Things that we have struggled with:

• Estimating in points – there is an infinite discussion about what those points mean and the simplest idea to stick to is: “it’s just means that the team uses to track progress”. Some teams are using points, others are using t-shirt sizes, but eventually, it is just ‘something’ to use, to help track the team’s progress towards the sprint end against the work they’ve committed to. And even though it takes some time to reach estimates consistency, eventually the team should reach the “performing” state when everyone has created a good perception and understanding of what a point means and uses the system effectively, within the team.

• Mid-sprint additions (work added during the sprint) – for our project it seemed to be the natural way to build the application – we always had mid-sprint additions. But that is fine, as long as we respect the process: have the team estimate and re-commit (re-evaluate the sprint commitment, negotiating with the Product Owner , and de-prioritizing work if needed).

Things were very different between pre-MVP (before the first release) and post-MVP development cycles. In pre-MVP, we had a smaller team and it took a while to get the needed discipline. We redefined at least a few times the way we were estimating. The main pain point was not being able to hold to the sprint commitments, and that was caused mainly by poor estimations.

We tried reference stories, ideal hours, but eventually agreed to drop these constraints, created some guidelines about points per complexity, stick to points and Fibonacci numbers:

e.g. 1 point is something trivial that does not need investigation, 5 points is something that is complex, but can be handled by one developer in one sprint and 8 or more points needed to break down.

Later in the project, as the team grew and had to split it, we continued the process. But since the teams were already formed and naturally assembled, with developers aggregated based on personality compatibility, timezone, etc., the project’s complexity increased and the main challenge transformed from poor estimations to stories added in the middle of the sprint (mid-sprint additions), due to various reasons: unforeseen dependencies, user feedback that was critical to the business, production bugs, etc.

So the problem remained: we were not landing sprints. However, as soon as the team committed to maintaining the SCRUM principles and ensure full transparency e.g. re-prioritizing and labeling not-committed items based on the principle “add something, then pull out something else”, we quickly started to see good results. But then, with a growing team, a new kind of problem appeared: coordination. I’ll talk about this next.

Coordinating squads

A squad is just another name for a SCRUM team. When multiple teams are working on the same project, sooner or later they will have to coordinate on some functionality. In our case the initial two teams were working on the same code base, but for different functionalities of the project. However, even though each team had their own agenda, the teams shared a common goal: the next release.

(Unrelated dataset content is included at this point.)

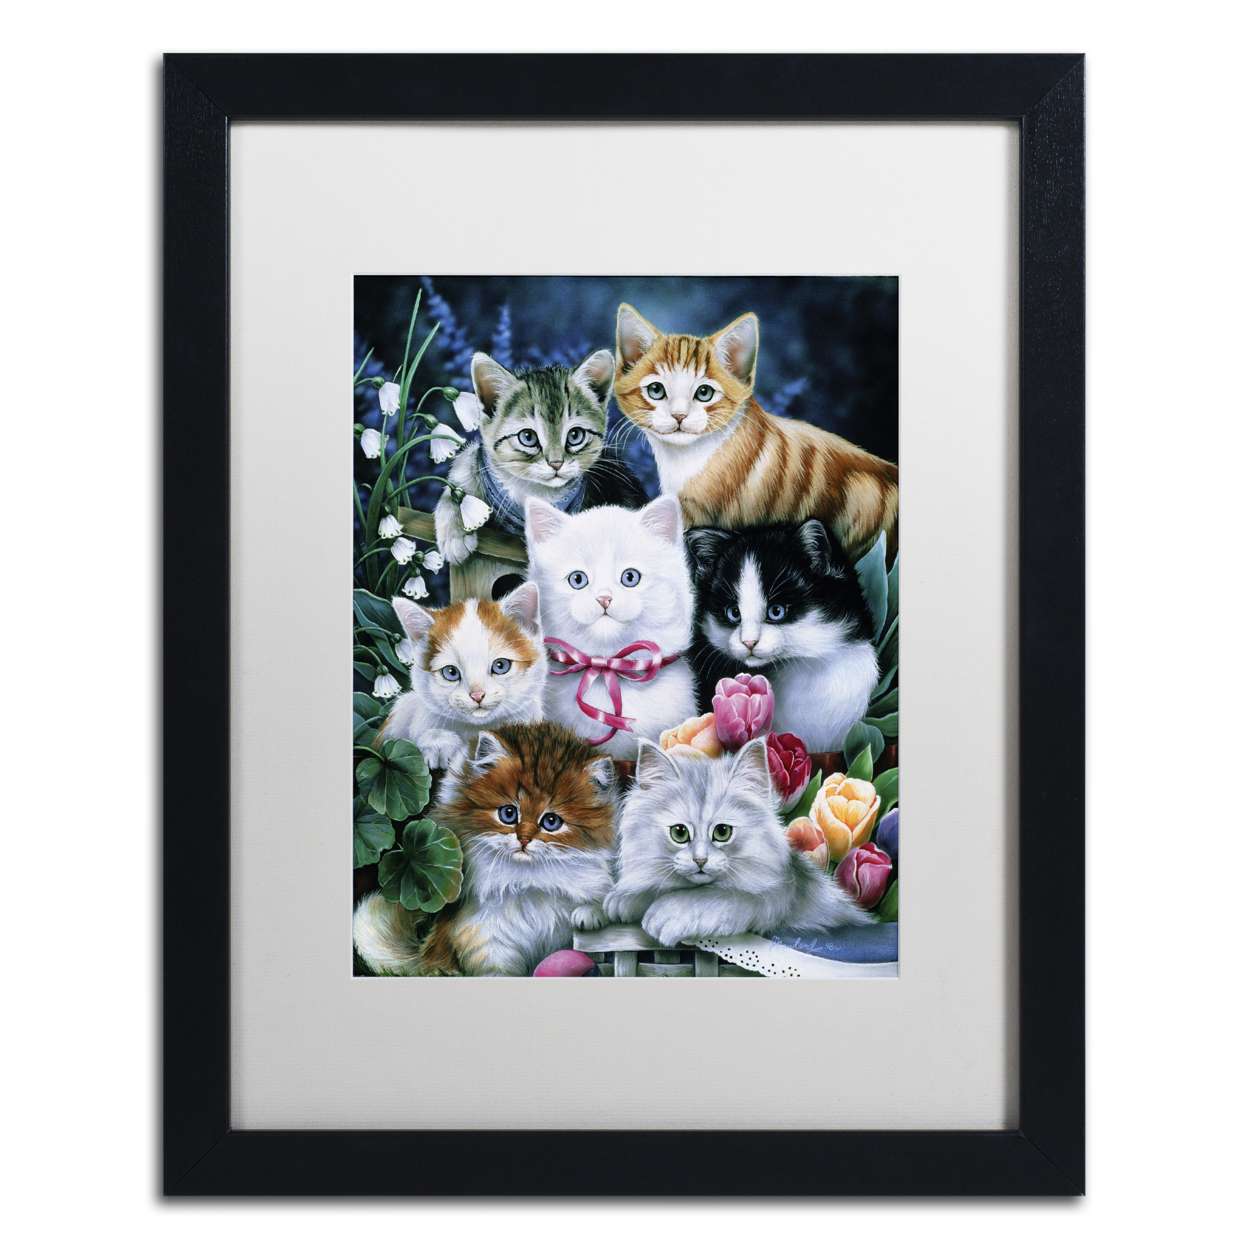 Jenny Newland 'Kittens' Black Wooden Framed Art 18 X 22 Inches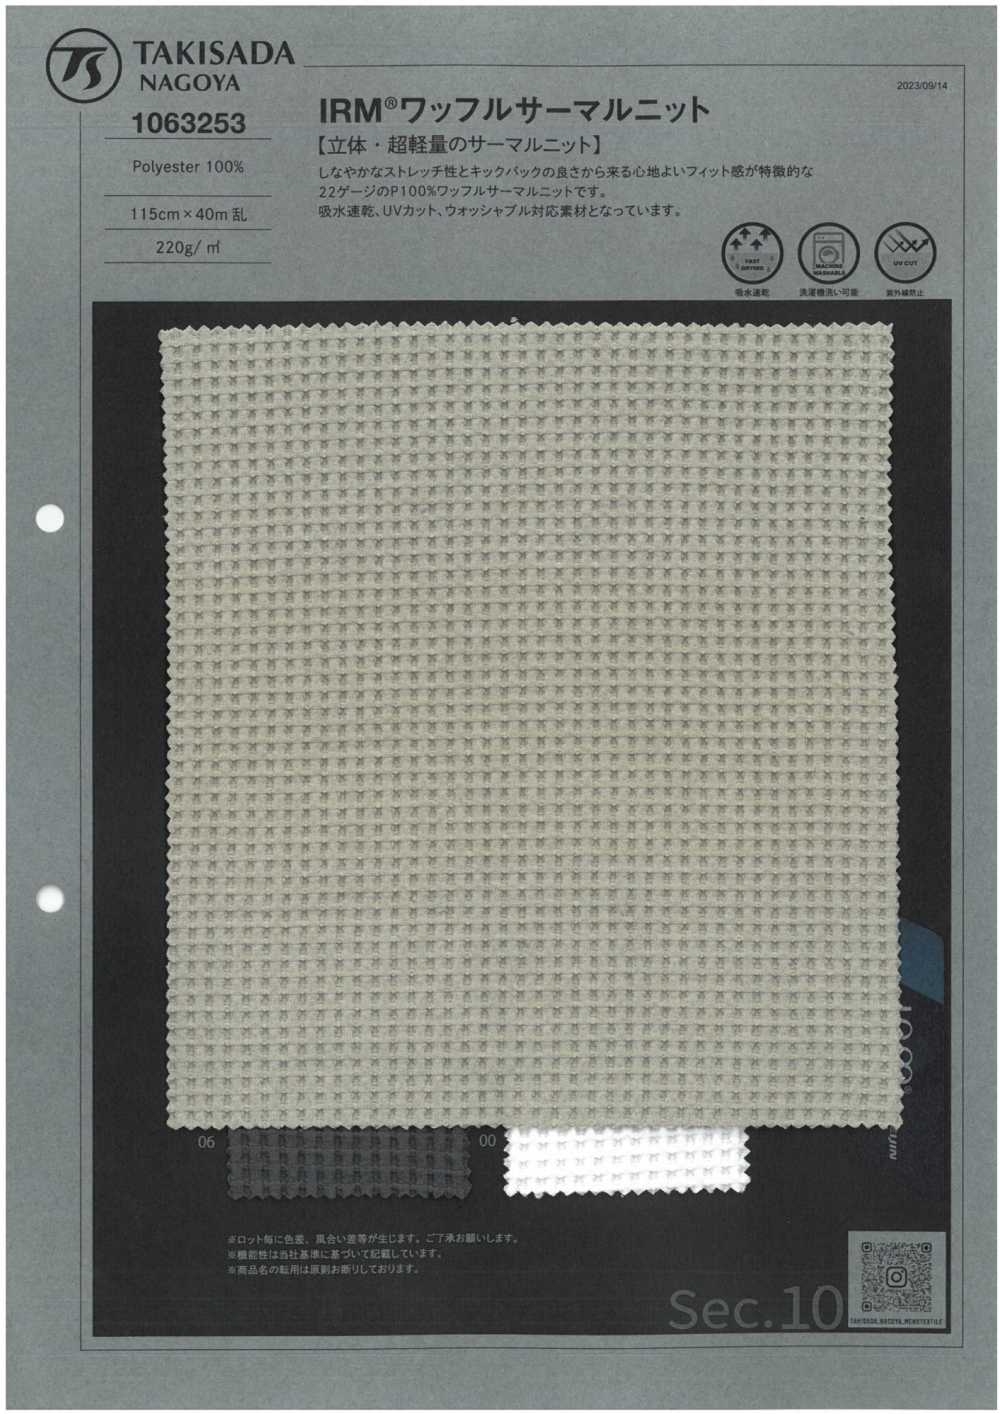 1063253 Tricot Thermique IRM® Waffle Knit[Fabrication De Textile] Takisada Nagoya

Early on, it was challenging to keep everyone in sync. So this is what we did to address the problem:

• Shared planning meeting when we had two teams, but later decided to have each team with their own SCRUM process (shorter, more focused meetings) and started having once a week coordination meetings of Squad leads with Product Owners and Scrum Master(s) – to keep everyone in sync regarding scope and progress (SCRUM of SCRUMs).
• A typical problem we faced was duplication of code: one team needed to build a component for their feature, but the same component was needed by another team, which sometimes led to having that component developed twice. Obviously, this was less than optimal, on several levels. We’ve addressed this by creating a list of domain experts – people that had the best knowledge in certain areas of the application and have them give a pass on the implementation plan for features.
• Once-a-week guild meetings – technology focused 1-hour-meetings: one for frontend and one for backend (fullstack developers had to join both). In such meetings we discussed anything from code reviews to architectural changes, or new features implementation details, whenever someone needed a second opinion.
• Last, but most important in my opinion, since the team was widely distributed geographically, everyone encouraged over-communication: we made everyone in the team feel comfortable about reaching out to people and feeling encouraged to jump on a quick video call, whenever it was effective to do so, to figure things out.

The development process: focus on code quality

Continuing on the sprint-landing issues, even if we were “development ready” two days before the sprint ended, there was still not enough time to get the features in a “Done” state. This was because, on one hand, developers can make mistakes and code may have bugs, and on the other hand, there is often a bottleneck when features are tested by QA and need to have them accepted by Product Owners.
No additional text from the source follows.